Every year on the night of the anniversary of their Lord's death, when the grapes have ripened on the vines in the valley, the cursed inhabitants of Karneid rise from their graves to fulfill their promise and perform their pilgrimage to Weissenstein. Many a pious pilgrim seeking shelter late at night has seen the Knight and his family dressed in black, slowly riding their skeletal horses up the mountain, doomed to fulfill their vow for all eternity.

== Extract from John L. Stoddard's Lectures, Supplementary Volume III: South Tyrōl, Around Lake Garda, The Dolomites (1903) ==
"A remarkable gateway to the Dolomites is the majestic gorge, directly opposite Botzen, known as the Eggen Thal. This suffers nothing by comparism with the other portals. Indeed, to its extraordinary vestibule may be awarded the primacy of the picturesque. A mighty strip of porphyry, forty miles in length, thirteen in breadth and several thousand feet in height stretches along the western border of the Dolomites and its huge, purplish walls form a conspicuous feature in the landscapes near Meran and Botzen. One section of its blood-red cliffs, just east of the latter city, is perforated by a deep gash, several miles in length, from which emerges a tumultuous torrent. This gash is called the Eggen Thal. Into its sombre shadow winds a carriage road constructed at great cost and with enormous difficulty, which gradually ascends the cañon, passing beneath vast, overhanging precipices, crossing repeatedly the tortuous stream by means of massive bridges and even taking refuge within tunnels, at points where some concession to the opposition of the raging tunnels becomes essential. It is a solemn entrance, especially when one has some acquaintance with the Dolomite peaks which lie beyond, and knows what weird and awful shapes they can assume. On this account, the Eggen Thal is probably the most appropriate avenue of approach to those mysterious mountains. It is a corridor of time, that leads us from old igneous rocks, forged in the earths fiery furnace when our globe was young, to coral reefs, on which the ocean waves once broke in glittering spray, but which now sparkle in the frosty air, ten thousand feet above their early home. At times one looks up almost timidly between these jaws of ruddy porphyry toward the narrow streak of blue, so far away. It seems like a celestial river, whose noiselessness, limpidity and calm present a great contrast to the maddened stream beside us, as our deal of heaven differs from the storms and sorrows of this earthly life."

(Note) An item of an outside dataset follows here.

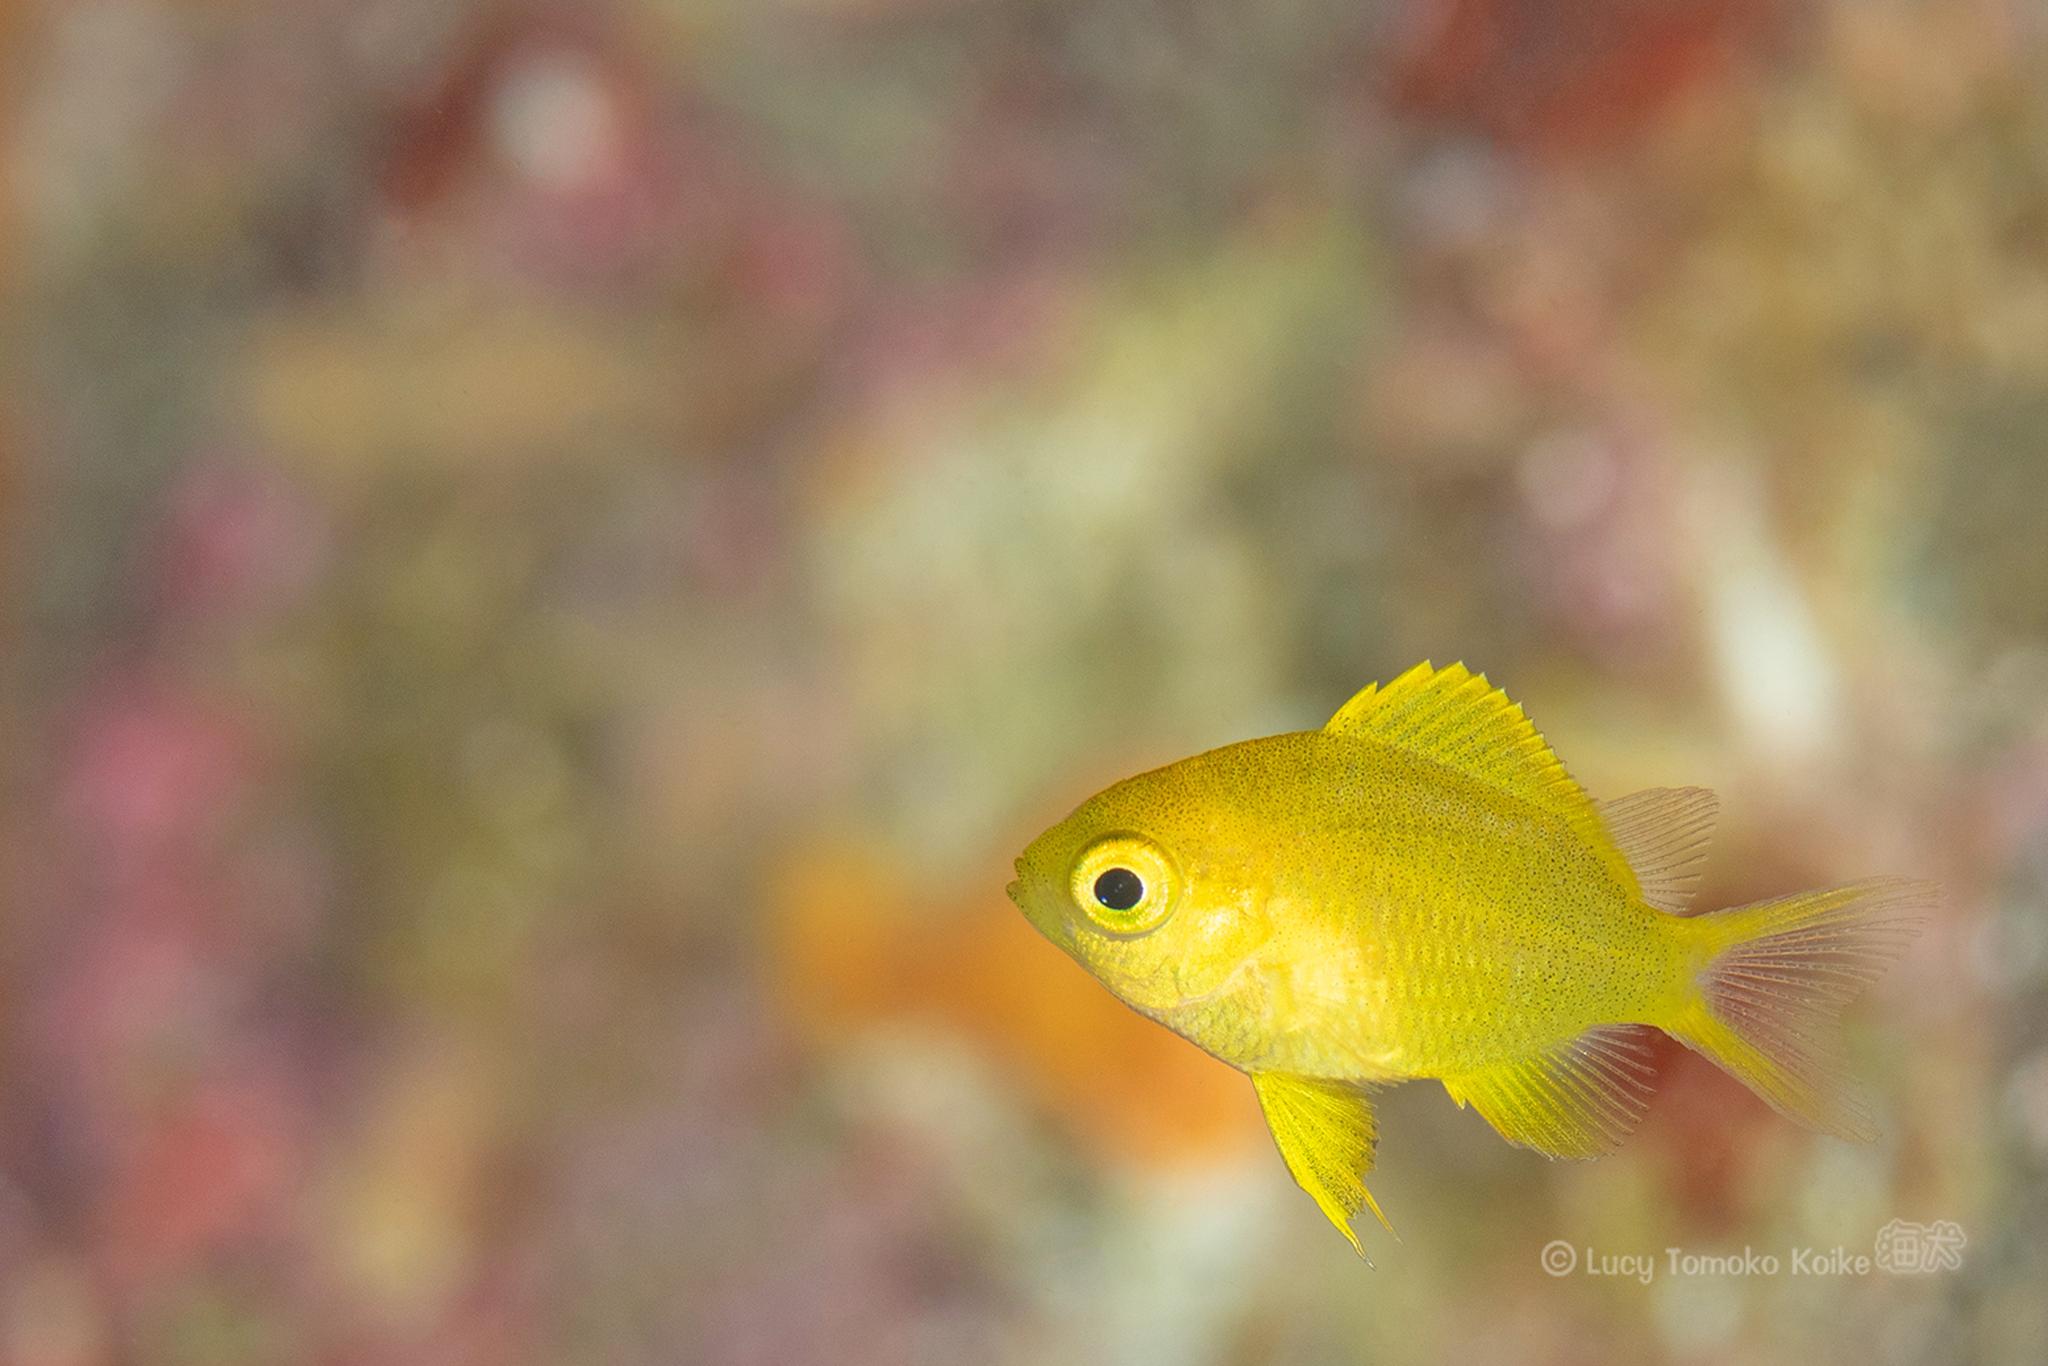 カラフルな背景は楽しい|コガネスズメダイの幼魚

"Moreover, that nothing may be wanting to complete the romance of this gorge, there looms above it, at a dizzy height, Schloss Karneid - one of the mediæval castles which play so prominent a rôle in both the scenery and history of Tirol. All of these strongholds have their interesting records of achievement - some of them chivalrous, most of them cruel, all of them remarkable. Karneid for example, was the home of the Lichtensteins, who ranked already at the commencement of the 12th Century among the strongest of the Tirolean families. In the great struggle for supremacy that arose between Habsburg Archduke Frederick ('Friedl of the Empty Pockets') and the ambitious nobles of the Tirol, the masters of this fortress where the formers bitterest foes, and if an undertaking of unusual danger was ever demanded in that arduous strife, the Lichtensteins were always ready to attempt it. In the fact, the name 'A Lichtenstein' was synonymous with one who then sought absolute independence form the archduke's sovereignty. Accordingly, in 1409, Frederick laid siege to Karneid with a powerful army, captured it finally by storm, and dragged its owners into captivity. Nor were they set at liberty until Oswald von Wolkenstein - Minnesinger, warrior and the soul of the rebellion - secured their freedom by a heavy ransom. In 1760 Count Anton von Lichtenstein, the last of his race, died in his ancient stronghold, which then came into possession of the city of Botzen. But it was speedily sold by the municipality and is now the property of a wealthy and artistic citizen of Munich."